* _Prompt_
Among the lines below, how many have the word "Lavender"? The reply is that number alone.

* _Given records_
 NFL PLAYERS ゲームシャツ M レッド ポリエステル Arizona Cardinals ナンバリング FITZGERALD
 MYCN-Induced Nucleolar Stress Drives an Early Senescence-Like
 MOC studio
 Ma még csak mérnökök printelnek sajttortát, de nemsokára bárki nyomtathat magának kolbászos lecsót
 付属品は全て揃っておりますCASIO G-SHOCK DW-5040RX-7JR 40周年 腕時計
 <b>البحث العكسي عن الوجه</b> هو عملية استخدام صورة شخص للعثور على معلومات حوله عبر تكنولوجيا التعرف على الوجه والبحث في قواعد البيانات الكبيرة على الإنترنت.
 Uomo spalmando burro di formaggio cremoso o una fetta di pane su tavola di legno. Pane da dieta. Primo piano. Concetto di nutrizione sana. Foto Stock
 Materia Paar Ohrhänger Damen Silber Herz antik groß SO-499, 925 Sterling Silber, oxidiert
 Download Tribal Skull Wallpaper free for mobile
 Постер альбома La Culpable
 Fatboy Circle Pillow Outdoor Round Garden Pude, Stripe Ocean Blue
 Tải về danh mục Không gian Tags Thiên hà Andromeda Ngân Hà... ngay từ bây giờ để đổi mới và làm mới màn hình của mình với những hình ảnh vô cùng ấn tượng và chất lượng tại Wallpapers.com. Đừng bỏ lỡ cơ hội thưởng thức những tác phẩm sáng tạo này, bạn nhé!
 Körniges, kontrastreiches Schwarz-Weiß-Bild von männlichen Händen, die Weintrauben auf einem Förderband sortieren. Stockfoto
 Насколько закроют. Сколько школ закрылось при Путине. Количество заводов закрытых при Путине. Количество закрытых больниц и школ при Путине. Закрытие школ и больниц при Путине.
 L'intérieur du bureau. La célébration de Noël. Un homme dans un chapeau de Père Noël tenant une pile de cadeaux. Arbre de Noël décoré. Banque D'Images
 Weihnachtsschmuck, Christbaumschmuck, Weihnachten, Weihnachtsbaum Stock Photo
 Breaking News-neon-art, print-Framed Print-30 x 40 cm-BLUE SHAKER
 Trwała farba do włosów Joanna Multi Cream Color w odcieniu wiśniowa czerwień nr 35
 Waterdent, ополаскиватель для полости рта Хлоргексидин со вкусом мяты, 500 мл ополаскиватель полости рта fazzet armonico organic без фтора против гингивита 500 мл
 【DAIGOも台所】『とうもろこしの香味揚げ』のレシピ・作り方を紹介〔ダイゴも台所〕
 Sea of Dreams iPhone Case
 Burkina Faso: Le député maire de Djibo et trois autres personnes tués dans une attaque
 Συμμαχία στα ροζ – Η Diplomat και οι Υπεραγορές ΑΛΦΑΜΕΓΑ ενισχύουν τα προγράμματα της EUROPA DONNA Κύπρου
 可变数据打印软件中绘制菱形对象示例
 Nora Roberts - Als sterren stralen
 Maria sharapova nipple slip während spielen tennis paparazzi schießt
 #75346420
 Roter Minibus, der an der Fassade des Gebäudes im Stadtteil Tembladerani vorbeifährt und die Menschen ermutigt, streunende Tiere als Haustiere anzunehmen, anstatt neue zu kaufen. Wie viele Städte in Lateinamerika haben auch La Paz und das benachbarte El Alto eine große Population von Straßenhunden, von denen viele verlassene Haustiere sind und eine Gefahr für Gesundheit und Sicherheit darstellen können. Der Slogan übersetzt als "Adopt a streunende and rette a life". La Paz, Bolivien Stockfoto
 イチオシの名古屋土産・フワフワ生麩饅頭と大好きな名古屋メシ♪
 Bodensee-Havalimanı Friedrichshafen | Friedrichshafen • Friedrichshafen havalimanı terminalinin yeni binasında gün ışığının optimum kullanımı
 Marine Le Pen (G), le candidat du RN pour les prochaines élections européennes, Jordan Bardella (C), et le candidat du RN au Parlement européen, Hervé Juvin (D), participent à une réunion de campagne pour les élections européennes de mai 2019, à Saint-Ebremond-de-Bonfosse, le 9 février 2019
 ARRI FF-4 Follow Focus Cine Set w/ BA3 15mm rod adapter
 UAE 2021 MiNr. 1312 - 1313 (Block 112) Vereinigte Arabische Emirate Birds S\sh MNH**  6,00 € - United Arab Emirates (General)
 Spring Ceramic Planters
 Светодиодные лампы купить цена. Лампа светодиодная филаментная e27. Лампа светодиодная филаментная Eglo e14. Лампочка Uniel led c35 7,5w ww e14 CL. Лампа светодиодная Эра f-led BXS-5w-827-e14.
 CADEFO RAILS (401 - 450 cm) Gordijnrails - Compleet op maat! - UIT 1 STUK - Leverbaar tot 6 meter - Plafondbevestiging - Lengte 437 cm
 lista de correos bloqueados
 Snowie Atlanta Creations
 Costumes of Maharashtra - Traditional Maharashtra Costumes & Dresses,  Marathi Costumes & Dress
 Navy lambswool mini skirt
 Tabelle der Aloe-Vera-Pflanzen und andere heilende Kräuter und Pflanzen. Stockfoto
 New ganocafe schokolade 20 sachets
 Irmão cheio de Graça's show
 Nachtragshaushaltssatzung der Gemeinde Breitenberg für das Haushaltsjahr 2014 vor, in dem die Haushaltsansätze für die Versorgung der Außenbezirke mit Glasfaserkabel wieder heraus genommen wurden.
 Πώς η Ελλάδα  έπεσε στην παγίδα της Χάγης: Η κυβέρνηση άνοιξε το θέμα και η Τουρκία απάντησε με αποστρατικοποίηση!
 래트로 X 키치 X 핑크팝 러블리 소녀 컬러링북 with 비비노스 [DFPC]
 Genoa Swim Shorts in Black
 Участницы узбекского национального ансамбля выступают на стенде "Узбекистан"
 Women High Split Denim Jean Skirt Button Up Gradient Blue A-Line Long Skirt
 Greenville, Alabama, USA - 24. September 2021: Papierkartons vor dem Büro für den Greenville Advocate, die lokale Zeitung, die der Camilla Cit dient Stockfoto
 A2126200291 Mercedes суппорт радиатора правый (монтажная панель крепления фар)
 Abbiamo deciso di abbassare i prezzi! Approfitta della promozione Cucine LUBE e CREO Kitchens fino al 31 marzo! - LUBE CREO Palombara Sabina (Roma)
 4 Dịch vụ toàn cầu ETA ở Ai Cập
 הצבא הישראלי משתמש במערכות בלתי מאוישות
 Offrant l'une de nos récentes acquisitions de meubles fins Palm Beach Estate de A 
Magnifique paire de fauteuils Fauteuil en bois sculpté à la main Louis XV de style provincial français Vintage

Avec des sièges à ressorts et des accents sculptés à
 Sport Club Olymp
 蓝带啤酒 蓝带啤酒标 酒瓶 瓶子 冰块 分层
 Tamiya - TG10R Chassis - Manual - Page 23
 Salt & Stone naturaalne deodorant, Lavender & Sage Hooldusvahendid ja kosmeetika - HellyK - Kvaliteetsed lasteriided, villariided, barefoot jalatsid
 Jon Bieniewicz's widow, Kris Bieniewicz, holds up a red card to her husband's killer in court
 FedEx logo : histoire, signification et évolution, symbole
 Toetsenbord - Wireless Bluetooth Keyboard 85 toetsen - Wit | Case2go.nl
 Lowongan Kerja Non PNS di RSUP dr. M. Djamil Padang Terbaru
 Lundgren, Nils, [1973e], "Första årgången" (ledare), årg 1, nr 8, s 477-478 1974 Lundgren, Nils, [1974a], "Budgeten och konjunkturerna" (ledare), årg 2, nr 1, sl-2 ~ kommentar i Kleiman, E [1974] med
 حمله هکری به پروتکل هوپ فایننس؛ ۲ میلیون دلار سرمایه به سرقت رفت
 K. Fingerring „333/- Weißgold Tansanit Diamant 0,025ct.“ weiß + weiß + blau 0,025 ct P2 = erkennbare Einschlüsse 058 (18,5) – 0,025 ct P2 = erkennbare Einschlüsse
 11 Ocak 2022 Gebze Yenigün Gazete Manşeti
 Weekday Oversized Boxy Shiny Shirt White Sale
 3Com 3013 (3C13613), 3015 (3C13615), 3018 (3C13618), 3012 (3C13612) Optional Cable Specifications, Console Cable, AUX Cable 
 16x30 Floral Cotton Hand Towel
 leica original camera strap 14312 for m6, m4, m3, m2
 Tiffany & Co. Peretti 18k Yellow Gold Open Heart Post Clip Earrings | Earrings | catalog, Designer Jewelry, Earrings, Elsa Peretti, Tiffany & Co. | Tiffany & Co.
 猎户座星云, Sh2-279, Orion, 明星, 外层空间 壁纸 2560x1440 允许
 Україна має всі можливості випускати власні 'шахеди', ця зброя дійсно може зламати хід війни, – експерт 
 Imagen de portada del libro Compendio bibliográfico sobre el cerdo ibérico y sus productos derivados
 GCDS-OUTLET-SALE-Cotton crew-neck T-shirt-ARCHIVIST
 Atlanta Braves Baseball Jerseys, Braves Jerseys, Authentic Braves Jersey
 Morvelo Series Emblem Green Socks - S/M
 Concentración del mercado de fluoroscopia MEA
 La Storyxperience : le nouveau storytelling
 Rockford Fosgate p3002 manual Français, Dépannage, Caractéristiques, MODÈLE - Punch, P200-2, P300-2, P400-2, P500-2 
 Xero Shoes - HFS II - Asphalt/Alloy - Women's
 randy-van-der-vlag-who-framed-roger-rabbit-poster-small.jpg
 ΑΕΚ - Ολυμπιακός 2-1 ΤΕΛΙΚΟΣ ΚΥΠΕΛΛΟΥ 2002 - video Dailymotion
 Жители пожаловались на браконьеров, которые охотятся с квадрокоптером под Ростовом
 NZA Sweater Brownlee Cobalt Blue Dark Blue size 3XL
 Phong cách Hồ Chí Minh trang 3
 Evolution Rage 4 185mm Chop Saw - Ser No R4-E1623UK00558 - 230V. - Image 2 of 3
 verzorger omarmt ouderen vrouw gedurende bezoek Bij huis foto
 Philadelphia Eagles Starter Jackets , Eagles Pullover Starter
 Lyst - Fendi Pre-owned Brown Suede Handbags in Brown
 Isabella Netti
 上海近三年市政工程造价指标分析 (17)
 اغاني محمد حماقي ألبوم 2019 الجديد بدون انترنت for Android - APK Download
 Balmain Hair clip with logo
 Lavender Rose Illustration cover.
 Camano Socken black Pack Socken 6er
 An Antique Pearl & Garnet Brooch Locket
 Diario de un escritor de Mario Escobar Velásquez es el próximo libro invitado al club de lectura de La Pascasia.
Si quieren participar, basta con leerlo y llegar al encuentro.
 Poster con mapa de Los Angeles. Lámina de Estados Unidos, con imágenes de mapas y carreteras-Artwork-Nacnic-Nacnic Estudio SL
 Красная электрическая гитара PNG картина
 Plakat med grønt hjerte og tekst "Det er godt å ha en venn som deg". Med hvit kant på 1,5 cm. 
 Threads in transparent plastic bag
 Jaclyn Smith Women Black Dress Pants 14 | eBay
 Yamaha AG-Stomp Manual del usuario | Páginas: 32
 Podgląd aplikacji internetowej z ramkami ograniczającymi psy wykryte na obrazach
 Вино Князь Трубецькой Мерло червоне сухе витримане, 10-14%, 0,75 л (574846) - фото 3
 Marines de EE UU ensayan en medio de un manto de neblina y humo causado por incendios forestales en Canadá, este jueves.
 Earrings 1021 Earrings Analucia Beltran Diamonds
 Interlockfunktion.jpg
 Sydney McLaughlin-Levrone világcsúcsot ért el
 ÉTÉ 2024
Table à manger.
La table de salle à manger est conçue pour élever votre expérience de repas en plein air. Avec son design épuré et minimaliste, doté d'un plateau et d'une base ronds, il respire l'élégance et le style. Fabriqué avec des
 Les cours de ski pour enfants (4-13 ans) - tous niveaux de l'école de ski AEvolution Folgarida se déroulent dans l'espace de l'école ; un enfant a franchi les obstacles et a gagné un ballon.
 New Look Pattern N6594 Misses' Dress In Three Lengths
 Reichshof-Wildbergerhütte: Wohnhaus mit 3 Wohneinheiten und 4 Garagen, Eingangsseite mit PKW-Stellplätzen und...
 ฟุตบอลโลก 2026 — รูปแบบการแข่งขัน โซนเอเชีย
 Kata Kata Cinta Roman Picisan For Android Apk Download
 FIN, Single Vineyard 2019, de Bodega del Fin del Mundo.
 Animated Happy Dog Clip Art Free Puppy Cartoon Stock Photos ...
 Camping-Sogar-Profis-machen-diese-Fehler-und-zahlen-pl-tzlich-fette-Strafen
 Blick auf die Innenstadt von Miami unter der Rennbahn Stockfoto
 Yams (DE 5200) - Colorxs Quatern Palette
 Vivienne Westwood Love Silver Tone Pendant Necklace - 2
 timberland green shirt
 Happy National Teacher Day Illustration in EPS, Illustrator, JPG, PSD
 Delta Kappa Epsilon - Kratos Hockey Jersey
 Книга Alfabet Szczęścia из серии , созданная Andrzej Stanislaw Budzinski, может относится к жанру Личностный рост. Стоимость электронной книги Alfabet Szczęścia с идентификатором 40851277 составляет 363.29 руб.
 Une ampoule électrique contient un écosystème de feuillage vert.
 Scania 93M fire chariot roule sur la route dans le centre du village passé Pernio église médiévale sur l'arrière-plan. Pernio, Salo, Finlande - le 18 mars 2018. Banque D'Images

* _Task answer_
2